Le 8 février, à l’initiative de la Confédération des Juifs de France amis d’Israël (Cjfai) s’est tenue à Paris une rencontre avec deux représentants du Front National, Gilbert Collard et Louis Alliot qui, soumis au questionnement, ont clairement dénoncé la présence de personnages connus pour leur antisémitisme ou leur antisionisme au sein du FN. Le journal Le Monde a donc titré justement « Gilbert Collard et Louis Aliot s’en prennent à Frédéric Chatillon ».

Cette initiative, qui alimente une controverse apparemment interne au FN, s’inscrit dans une démarche du Cjfai qui soumettra au même questionnement tous les candidats à l’élection présidentielle, dont Benoît Hamon et Jean-Luc Mélenchon. La position de ces derniers est connue, elle est anti-israélienne. Elle vise à contester la légitimité d’Israël dans la guerre inaugurée par les représentants des Palestiniens menés dès 1947 par leur chef nazi, le grand mufti de Jérusalem, une guerre perpétuée jusqu’à ce jour. Elle voudrait masquer que l’antisémitisme et le refus du fait juif, répandus de façon culturelle autant que cultuelle, sont à l’origine de l’antisionisme dans le monde arabo-musulman.

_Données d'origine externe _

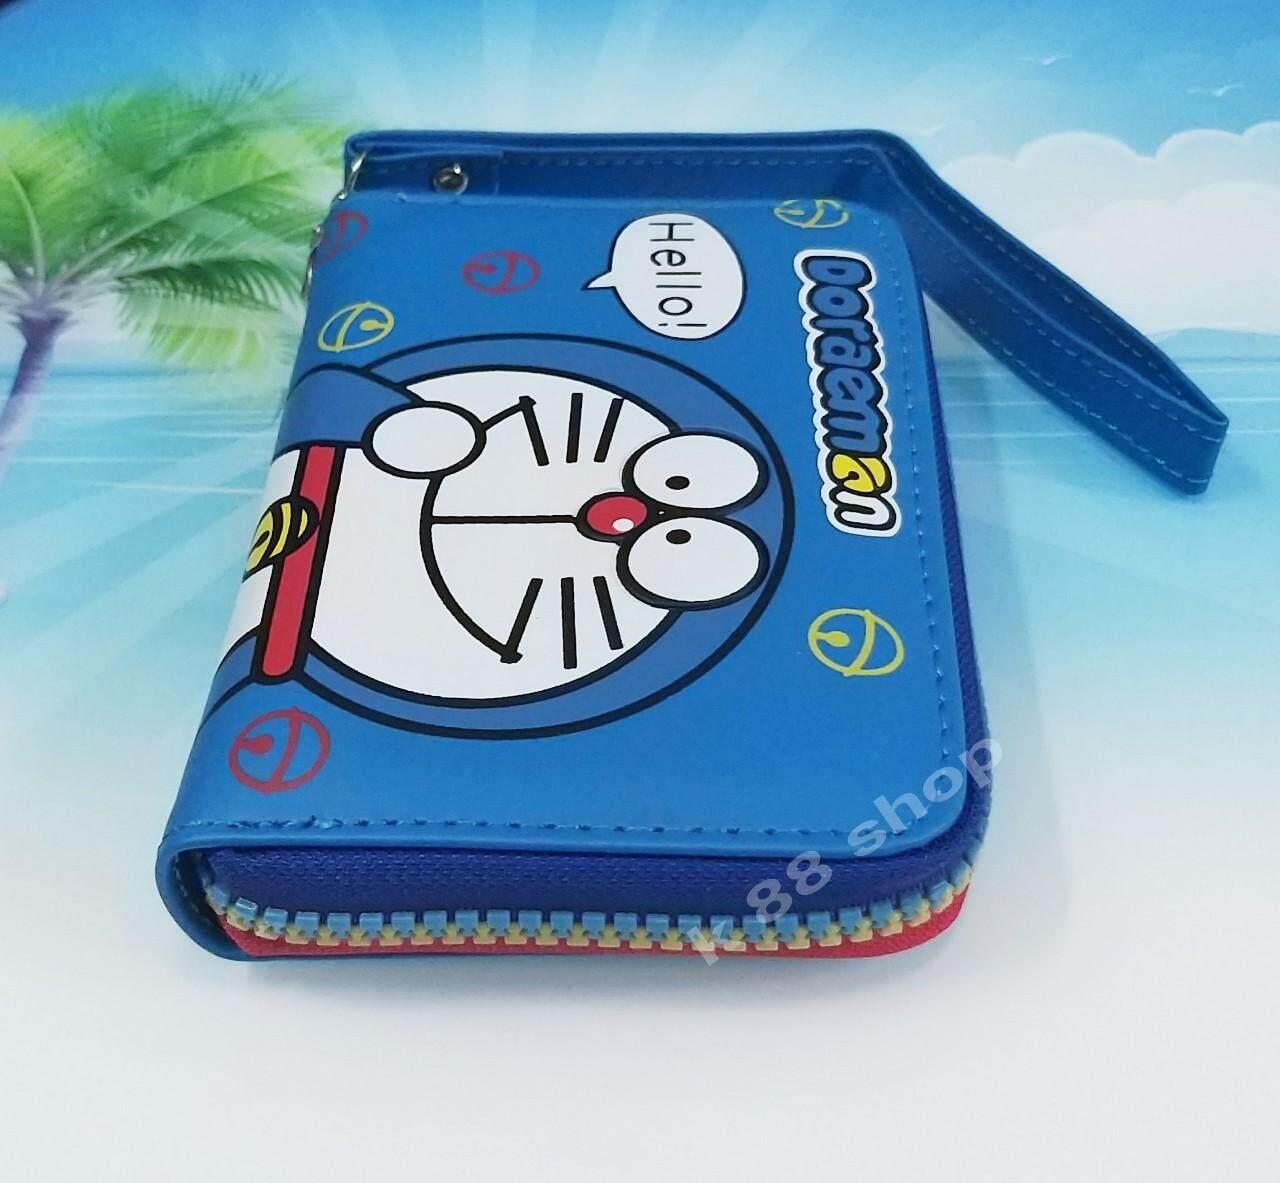 กระเป๋า กระเป๋าสตางค์ ผู้หญิง กระเป๋าตัง กระเป๋าเงิน กระเป๋าใส่เงิน กระเป๋าใส่บัตร กระเป๋าใส่นามบัตร ลายใหม่ล่าสุด ( ขนาด 9x13 Cm. ) By K 88 Shop.
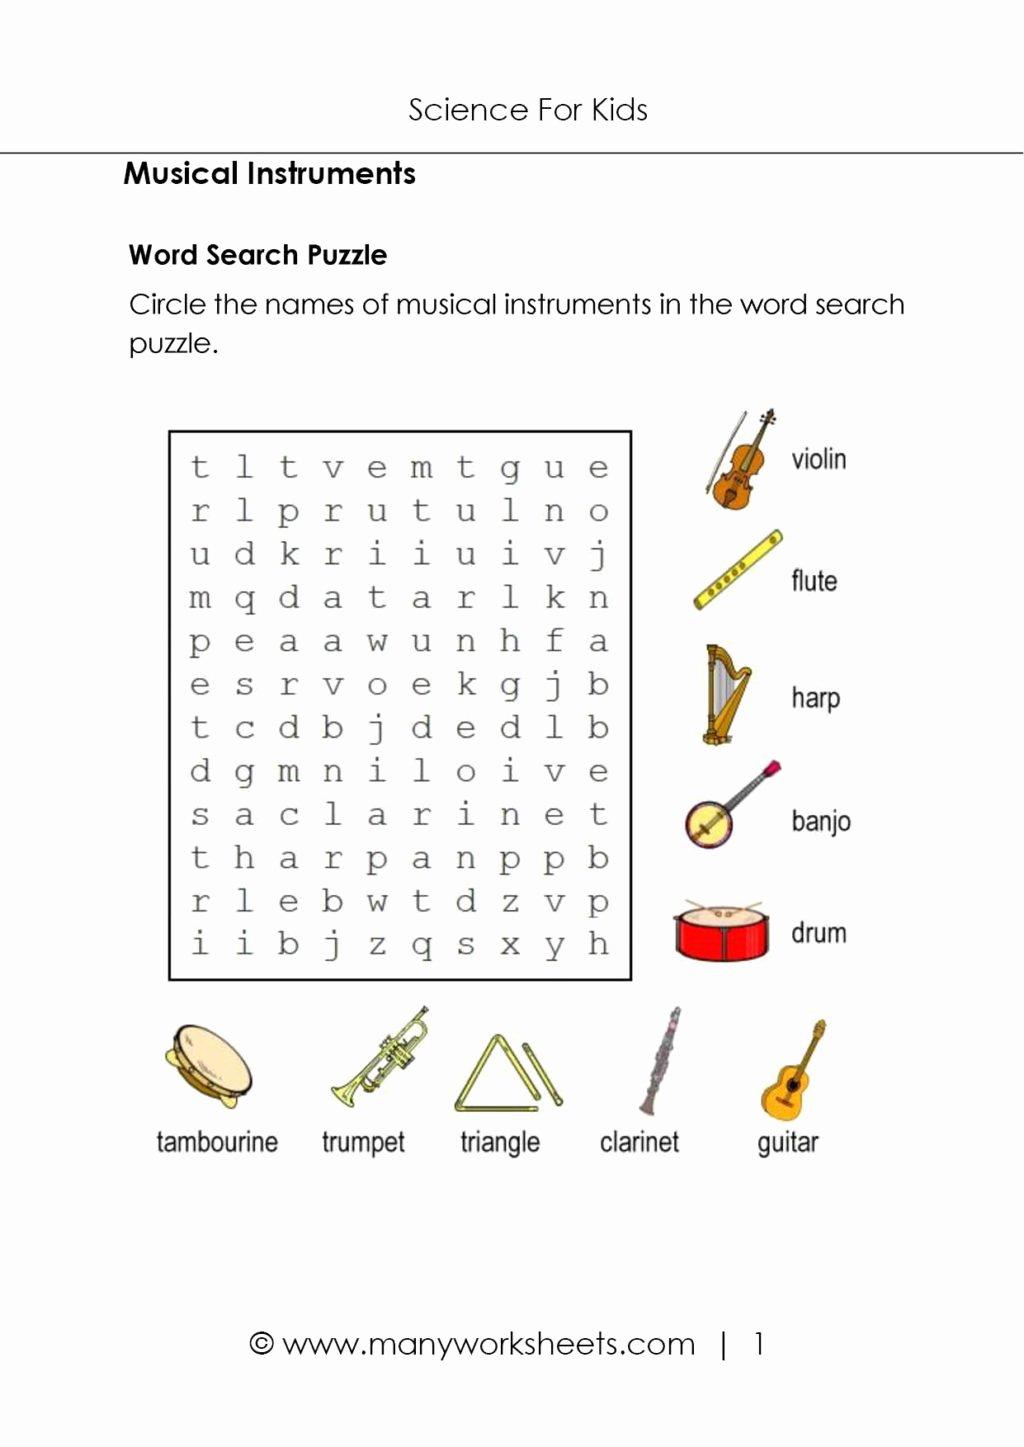 Habitat Worksheets for 1st Grade Inspirational Worksheet 1st Grade Science to Learning First Worksheets

Or, chacun devrait savoir que l’autorité palestinienne refuse toujours tout Etat juif et toute présence juive, ce qui est déjà le cas dans les pays arabes et chacun devrait avoir en mémoire que le Hamas et Daesh présents à Gaza, tout comme l’Iran chiite à Téhéran, tout comme le Hezbollah en Syrie et au Liban, affichent clairement leur projet d’éradication d’Israël.

La rencontre du Cjfai relève donc d’un souci citoyen et démocratique, même si le FN que l’on sait en quête de dédiabolisation, abrite quelques diables en son sein (sans responsabilités nous assurent les deux invités). Cette rencontre a pourtant fait l’objet de pressions de la part de certaines institutions juives, dont le CRIF et le Consistoire, qui semblent avoir la mémoire sélective. D’autant que ce qui menace physiquement les Juifs aujourd’hui, c’est la montée du fascisme islamiste. Et ce qui menace Israël, c’est la montée de l’antisionisme, c’est la campagne de boycott et la complaisance de la politique de la France avec « la cause palestinienne », c’est la montée en puissance du Hezbollah et de l’Iran.